Just How Tight Is The Takeaway Issue In The Bakken? -- January 7, 2015

Over the years, I must have read every article and looked at ever graph that depicted takeaway capacity in the Bakken. I always had the feeling that there was adequate takeaway capacity with rail and pipeline. And every day there were stories of more pipelines going in and stories of more CBR terminals.

I always thought "we" were ahead of the game. I looked forward to a bit of slack in takeaway capacity as Bakken oil production (or at least the pace of growth) slowed due to the slump in oil prices.

So, I was surprised when I read this Bakken.com story that said the slump in oil prices is not likely to result in a gain for grain shippers:
A decline in Bakken oil trains isn’t likely to spell good things for Montana grain farmers, according to rail observers.

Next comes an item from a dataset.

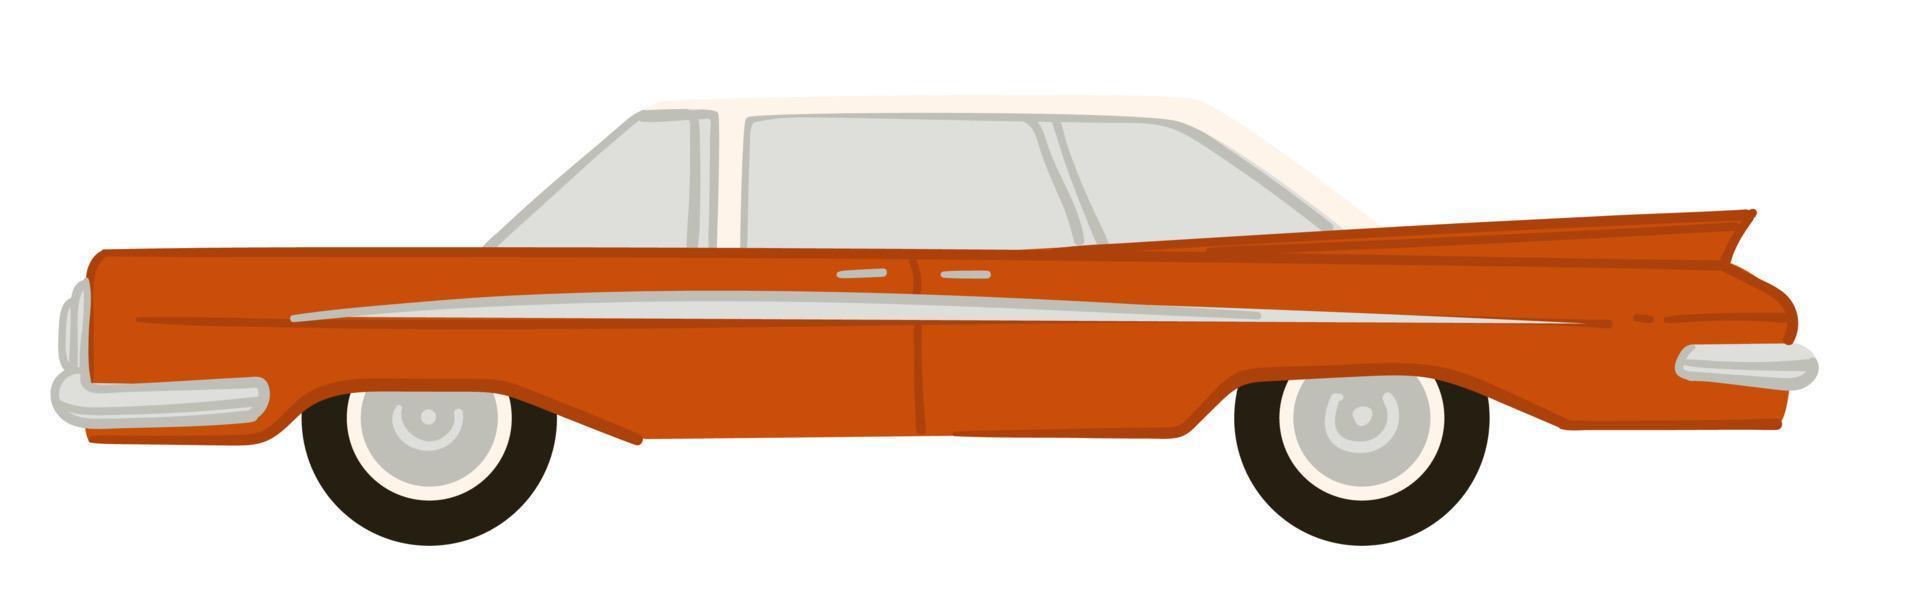 klassisches amerikanisches retro-auto von 1960, autodesign vektor

Getting grain on trains has been a struggle for Montana’s $1.5 billion wheat economy for more than a year, during which time critics have faulted Burlington Northern Sante Fe for leaving grain at the station while hauling more than a half-million barrels of oil daily.

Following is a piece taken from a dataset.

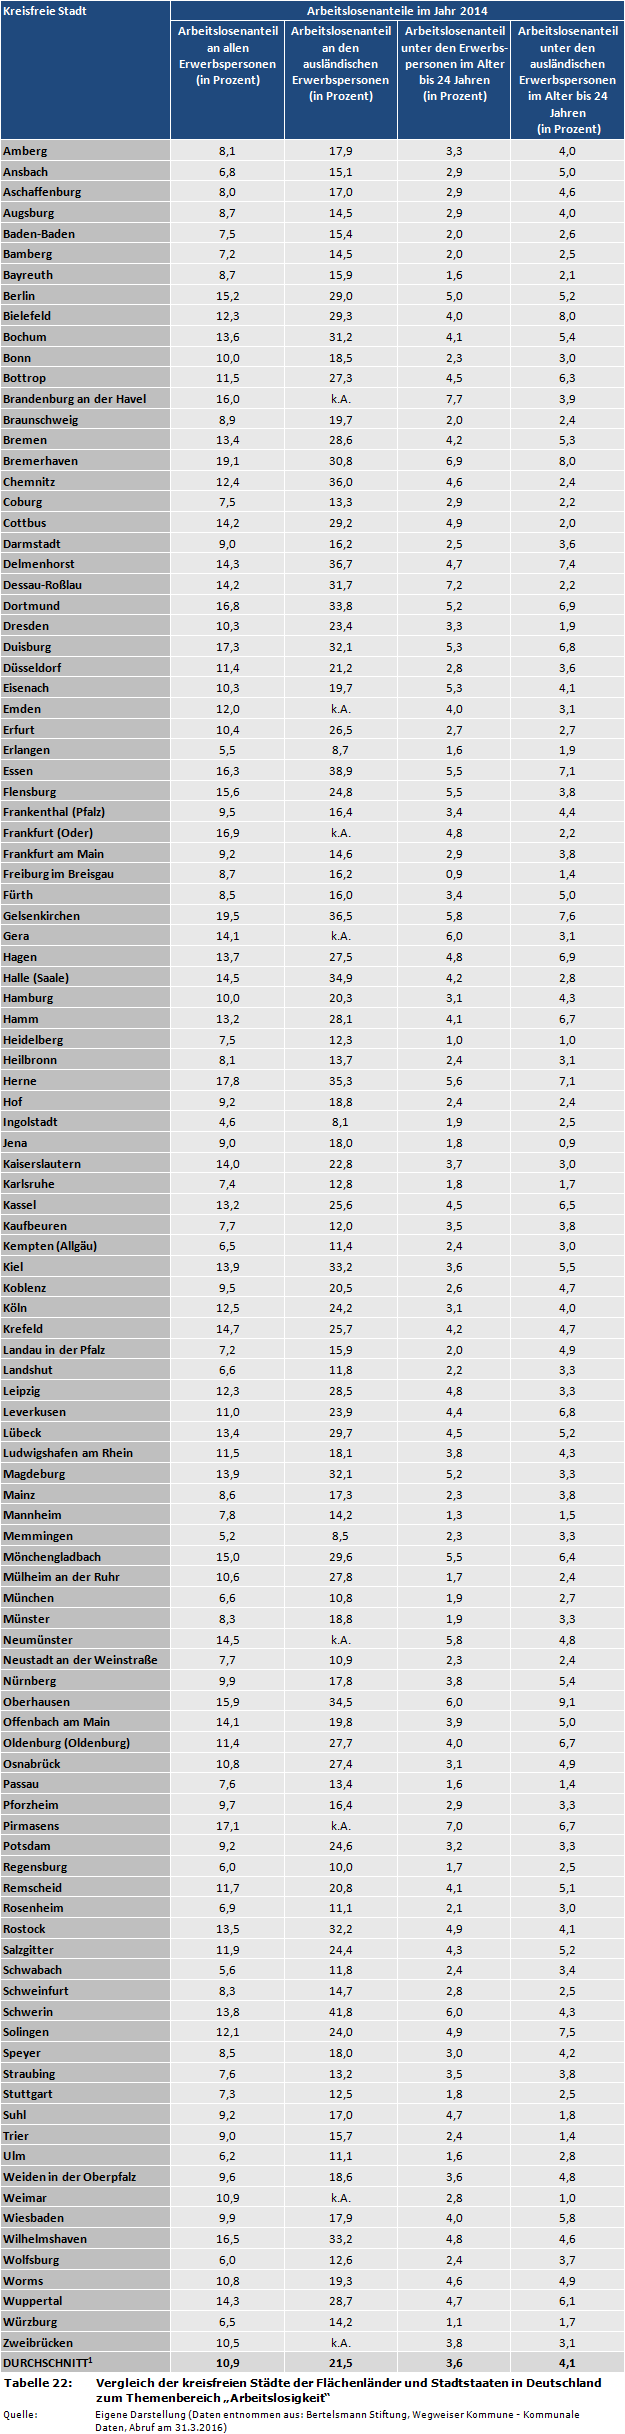 Vergleich der kreisfreien Städte der Flächenländer und Stadtstaaten in Deutschland zum Themenbereich 'Arbeitslosigkeit'

Now oil production seems poised to decline. The number of active drilling rigs in North Dakota has fallen by 14 in the last three weeks, according to the Bismarck Tribune. The price per barrel for oil hit a five-year low Monday.
A slowdown isn’t likely to free up the rails for grain, analyst Terry Whiteside told farmers gathered Tuesday in Billings.
“You would think it would,” Whiteside said. “However, they are telling me in Wyoming they have not found as much oil through horizontal drilling as they have in the Bakken, and that’s probably all going to go westbound. I don’t see it lightening up very much, and then if coal comes on. We’ve just got a very tight capacity problem for a while.”
On top of this, remember: new restrictions on shipping oil by rail. And still it continues.